Detecting and Fixing API Misuses of Data Science Libraries Using Large Language Models
Akalanka Galappaththi, Francisco Ribeiro, Sarah Nadi
TL;DR
This work tackles API misuses in data-science libraries by introducing DSChecker, an LLM-based approach that leverages both API directives and dynamic data information to detect and fix misuses. It demonstrates that providing structured, directive-aware prompts and data context significantly boosts performance across multiple LLMs, with the best zero-shot configuration achieving strong detection and repair outcomes. An agentic variant, DSChecker_agent, investigates real-world applicability by enabling on-demand information retrieval, showing feasibility though with some performance trade-offs.
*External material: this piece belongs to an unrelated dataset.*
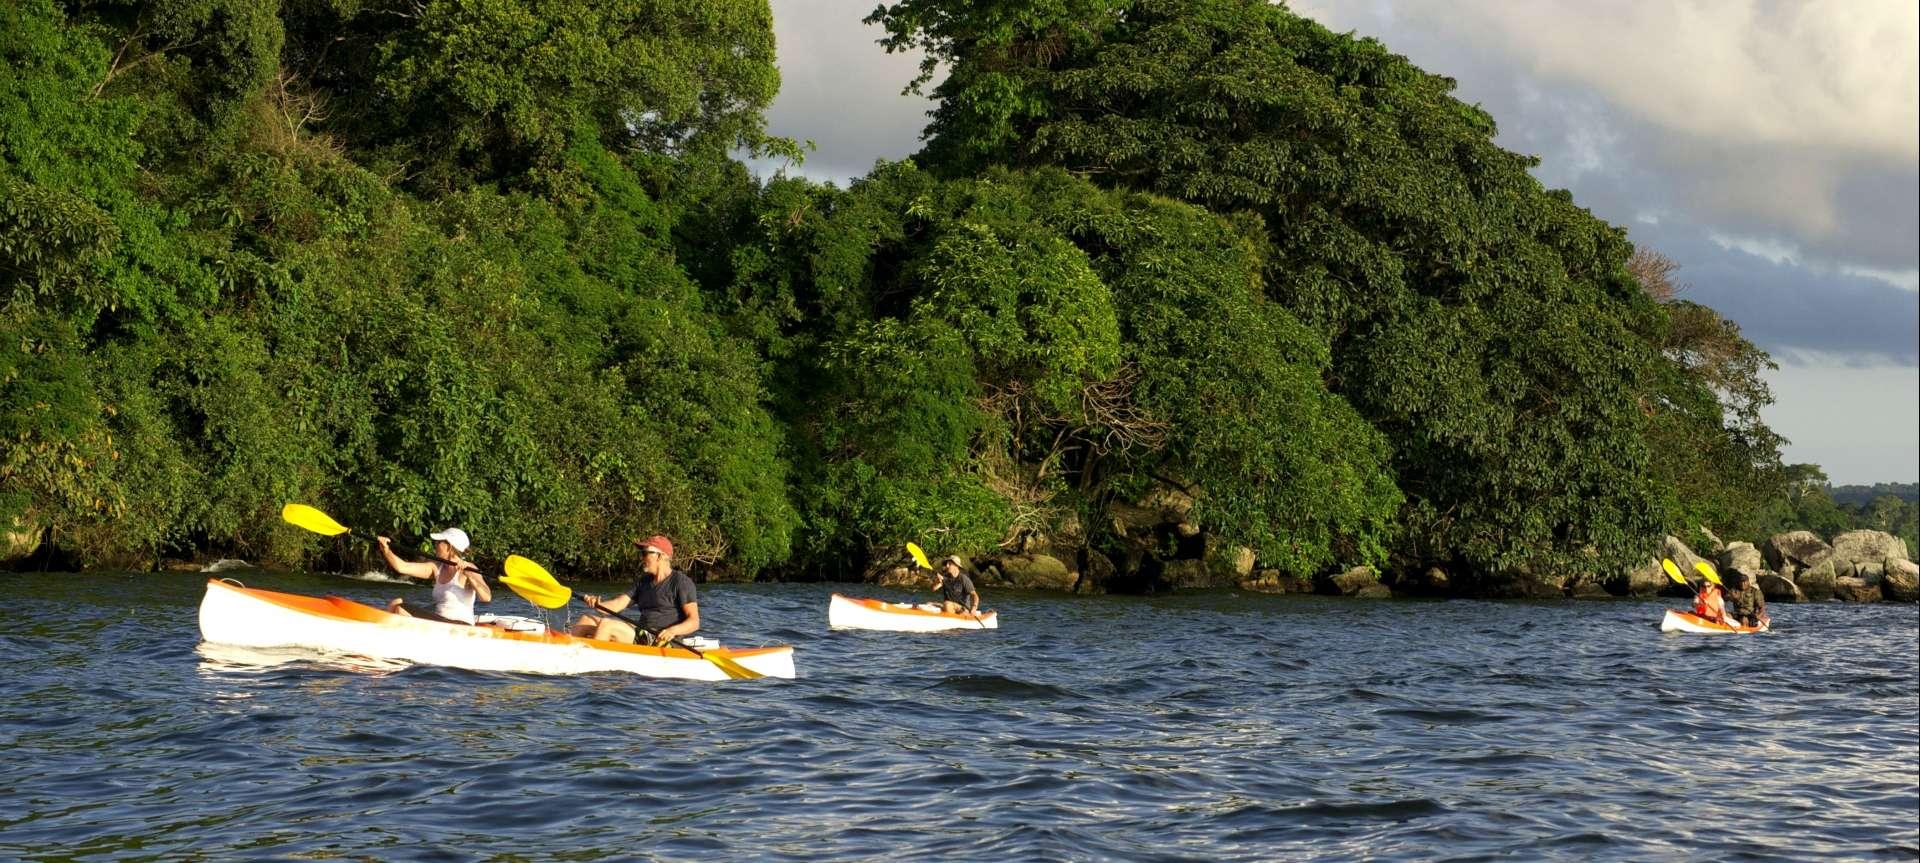 Rubondo Island - Africa Wildlife Safaris
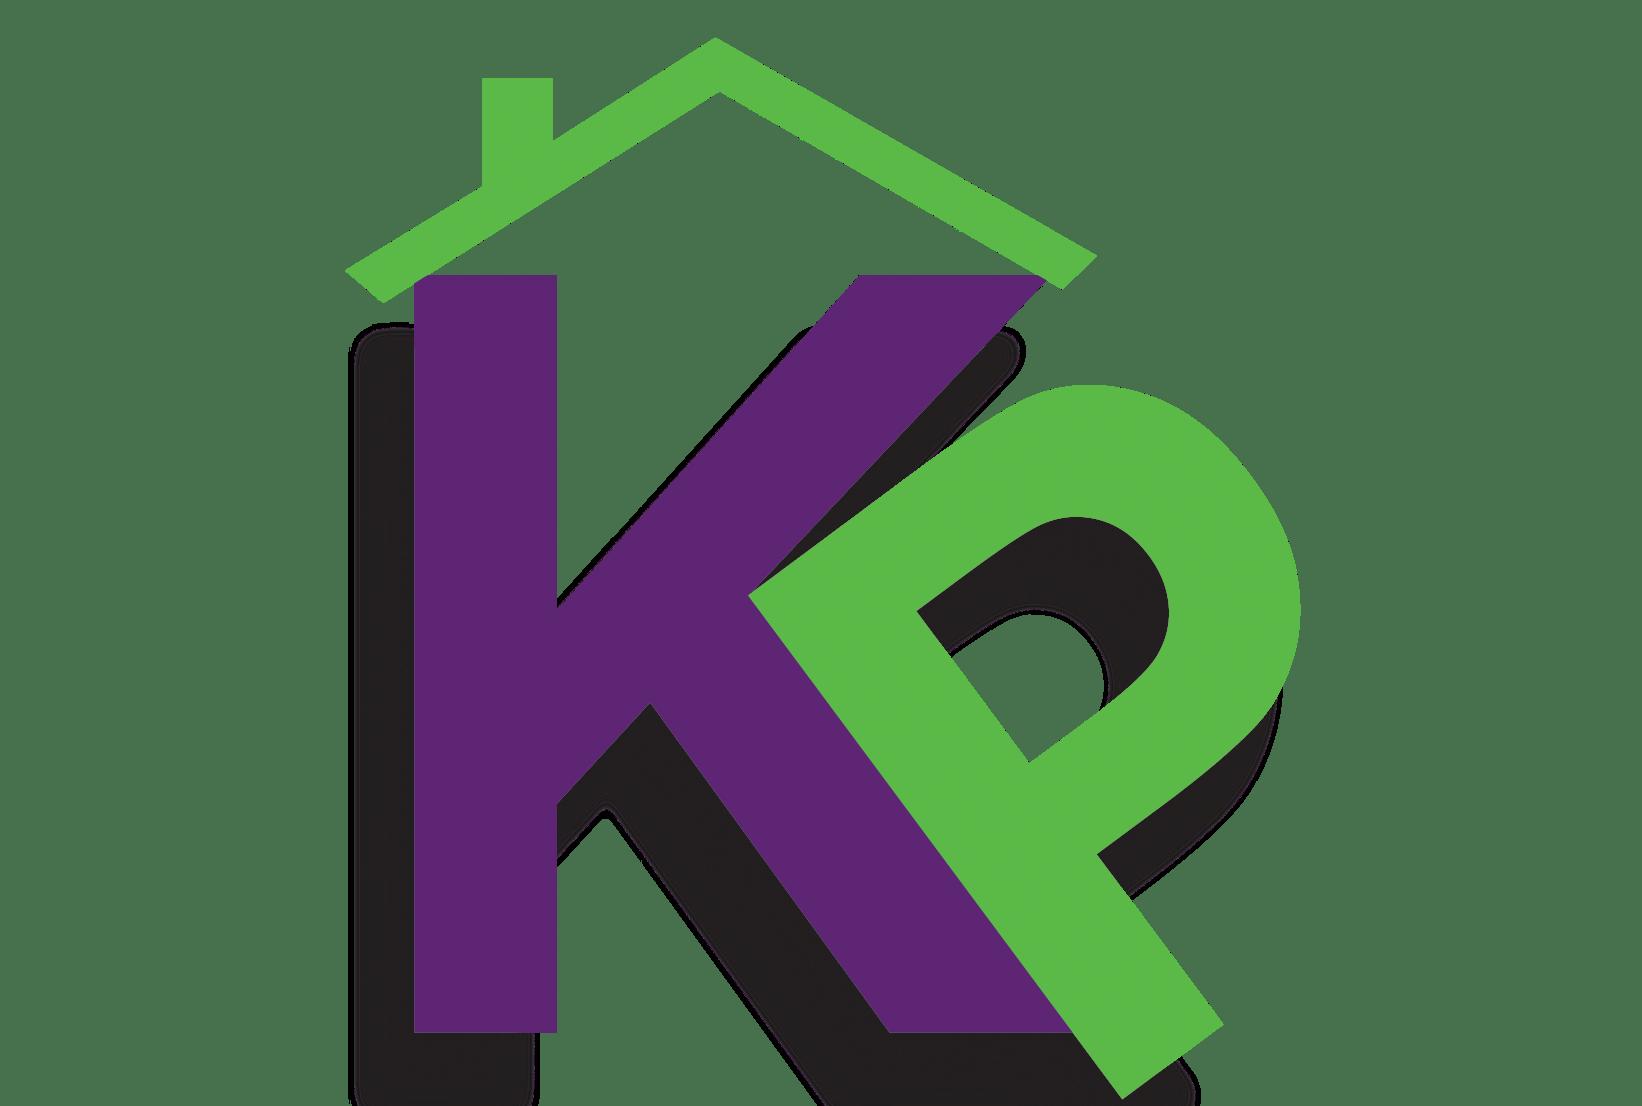 KP Building Approvals

The study extends to other data-centric libraries and compares with existing LLM-based misuse detectors, highlighting DSChecker's superior detection/fix rates in many settings and outlining practical challenges and future directions for LLM-driven tooling in software libraries.
Abstract
Data science libraries, such as scikit-learn and pandas, specialize in processing and manipulating data. The data-centric nature of these libraries makes the detection of API misuse in them more challenging. This paper introduces DSCHECKER, an LLM-based approach designed for detecting and fixing API misuses of data science libraries. We identify two key pieces of information, API directives and data information, that may be beneficial for API misuse detection and fixing. Using three LLMs and misuses from five data science libraries, we experiment with various prompts. We find that incorporating API directives and data-specific details enhances Dschecker's ability to detect and fix API misuses, with the best-performing model achieving a detection F1-score of 61.18 percent and fixing 51.28 percent of the misuses. Building on these results, we implement Dschecker agent which includes an adaptive function calling mechanism to access information on demand, simulating a real-world setting where information about the misuse is unknown in advance. We find that Dschecker agent achieves 48.65 percent detection F1-score and fixes 39.47 percent of the misuses, demonstrating the promise of LLM-based API misuse detection and fixing in real-world scenarios.